Dans l’arrêt du 24 mai (1ère espèce, préc.), rendu à propos du dommage provoqué par la chute
d’un enfant, se posait la question de savoir si le syndicat de copropriété, qui n’avait pas voté
la mise en place de garde-corps sur le toit, avait commis une faute intentionnelle. La cour
d’appel le pense mais sans se référer à la volonté de rechercher le dommage. Pourtant, son
arrêt est cassé par la Cour de cassation pour manque de base légale et non, à en suivre les
principes brièvement rappelés plus haut, pour violation de la loi.
De même, en ce qui concerne l’arrêt du 24 mai 2006 (2ème espèce, préc.), où la décision est
encore cassée pour manque de base légale alors qu’apparaissait une évidente faute
intentionnelle : il était question d’un incendie volontaire suivi d’une demande d’indemnisation
à l’assureur. A ce titre, la cassation pour violation de la loi s’imposait.
Le même constat peut encore être fait à l’égard du dernier arrêt du 24 mai 2006 (3ème espèce,
préc.). Dans cette affaire, la Cour de cassation était saisie de la faute d’un avocat qui n’avait
pas consigné les fonds de ses clients adjudicataires dans les délais réglementaires, ce qui avait
entraîné des intérêts de retard à leur charge. La cour d’appel estimait qu’il y avait faute
intentionnelle, et la cassation avait été demandée pour manque de base légale. Le pourvoi est
rejeté, la haute Cour considérant qu’il y avait eu volonté de l’avocat de causer le dommage.

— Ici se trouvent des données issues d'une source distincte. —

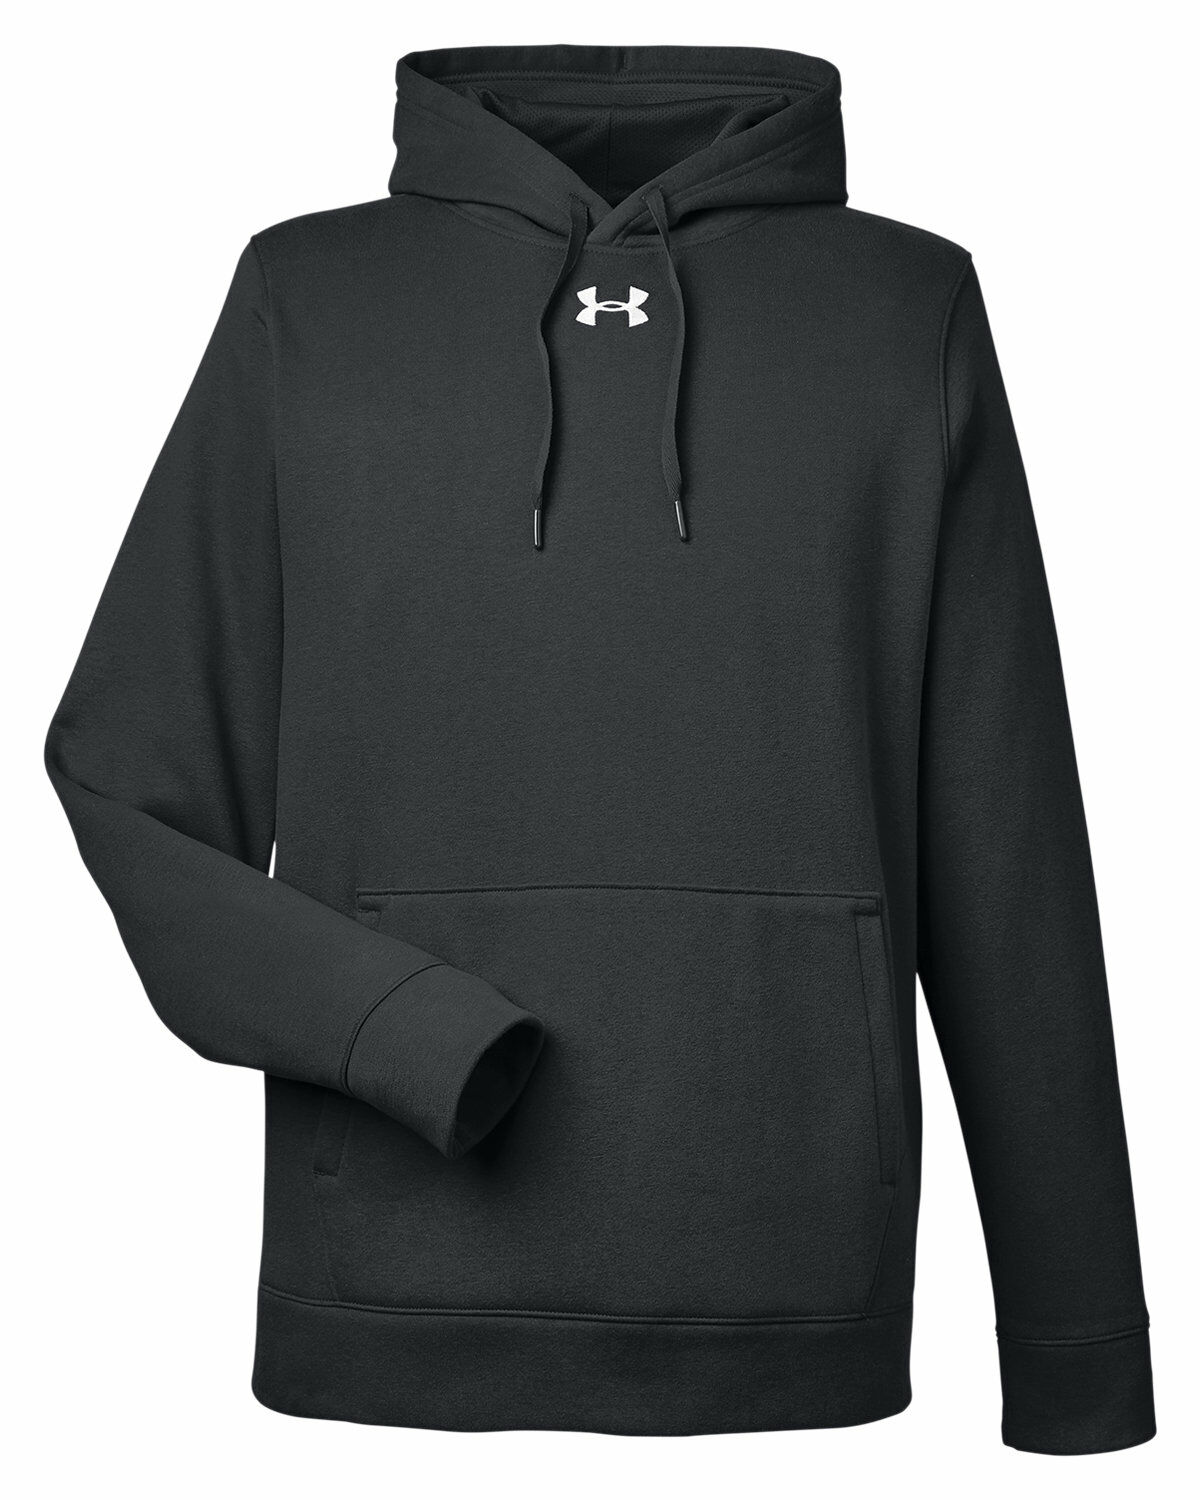 Branded Under Armour Men’s Hustle Pullover Hooded Sweatshirt Black/White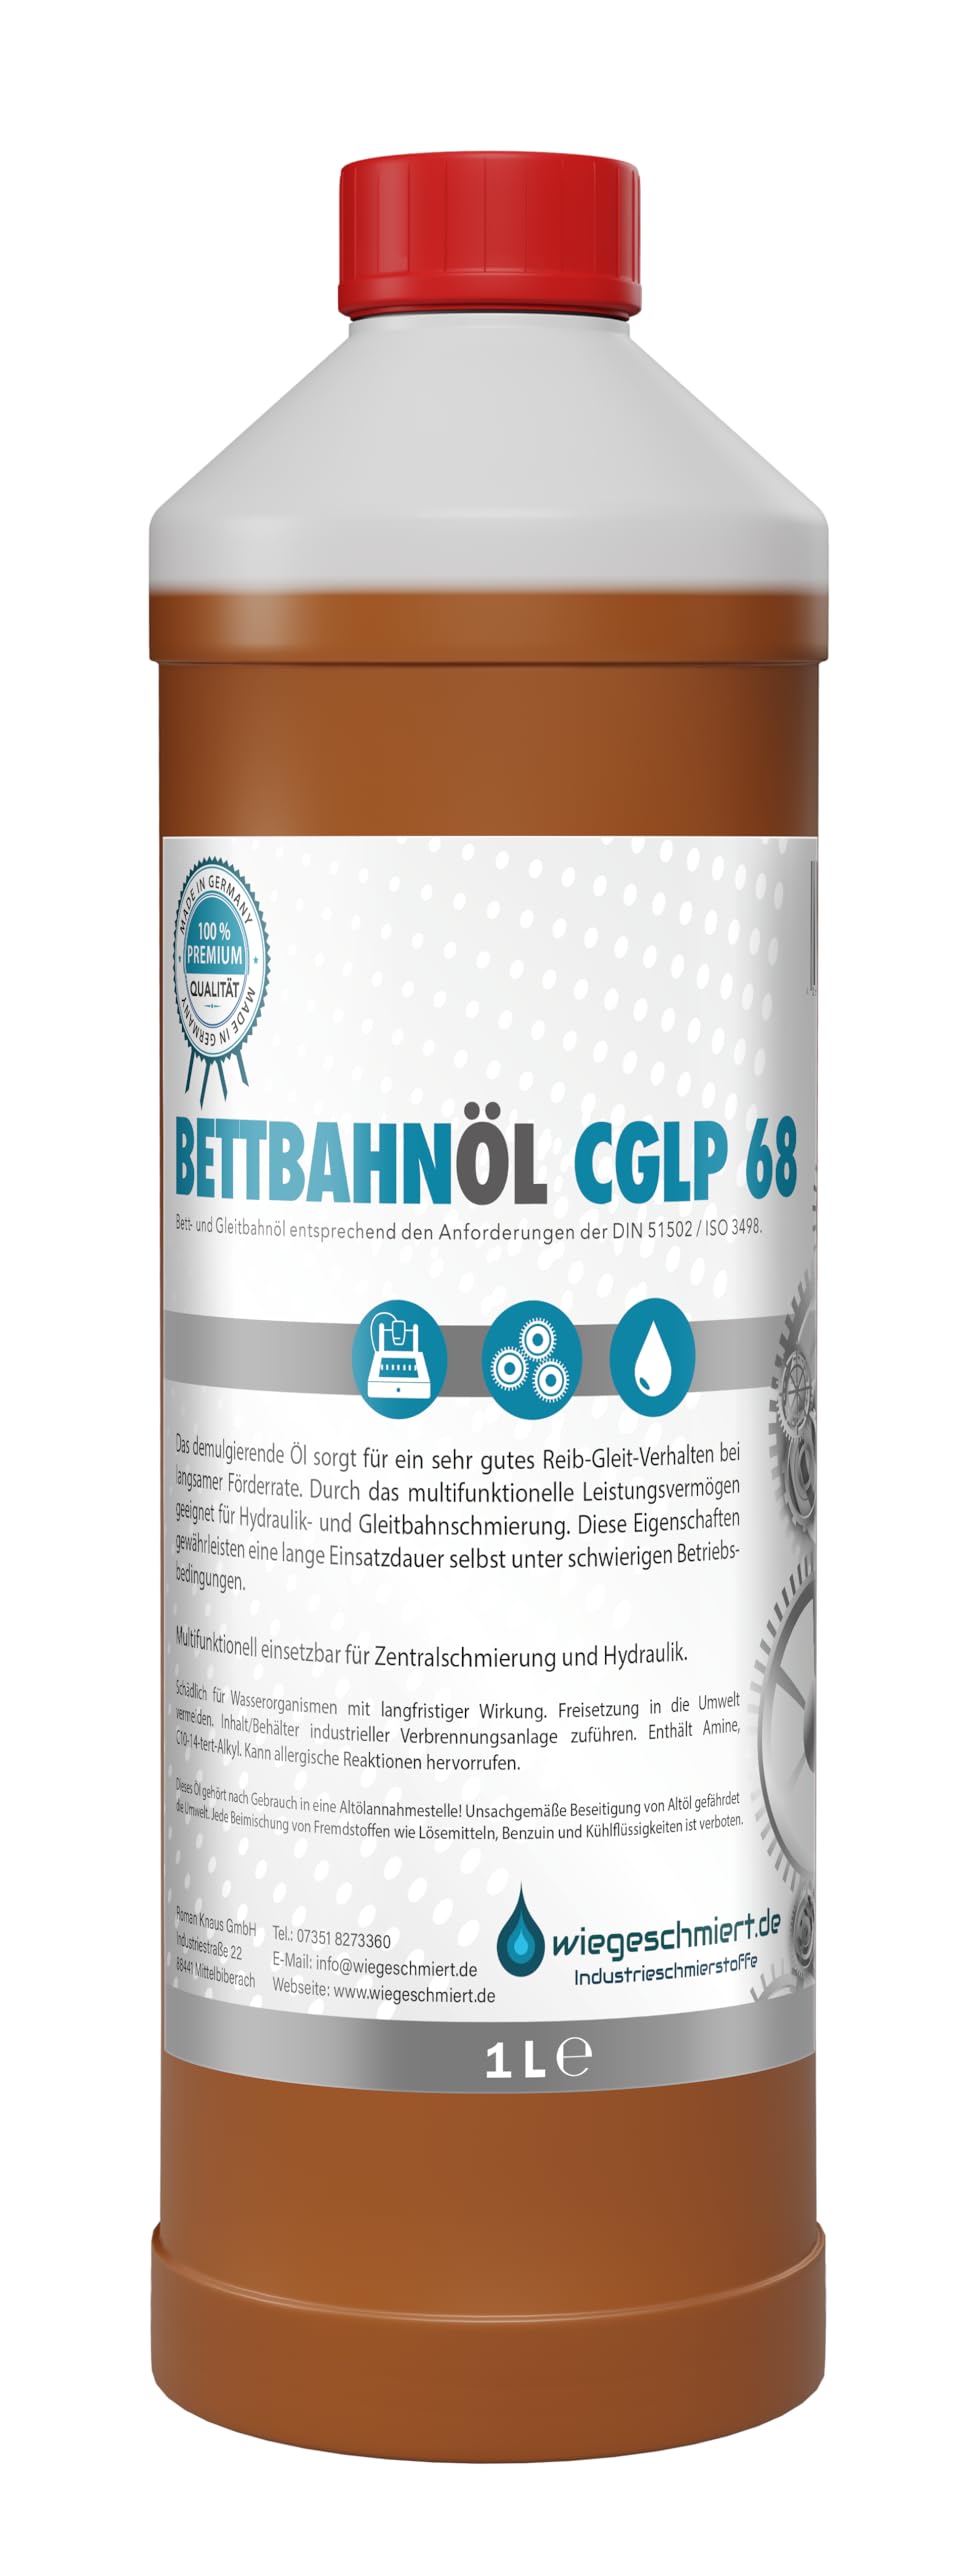 Bettbahnöl Gleitbahnöl CGLP 68 nach DIN 51502/ISO 3498 (1 Liter) von wiegeschmiert.de

Le moins que l’on puisse dire c’est que cette décision manque de rigueur, la cour d’appel
n’ayant même pas rappelé l’étape de la volonté de causer le dommage. En outre, le pourvoi ne
visait pas la violation de la loi mais seulement le manque de base légale, la Cour de cassation
n’avait donc pas à rappeler ce deuxième élément de la faute intentionnelle.
Un tel manque de rigueur révèle en réalité les limites de la faute intentionnelle subjective,
notamment, comme dans ces deux dernières affaires, pour les relations contractuelles. A leur
égard, une place doit être accordée à la faute objective ou dolosive prévue par l’article L. 1132, alinéa 2 du Code des assurances, aux côtés de la faute intentionnelle.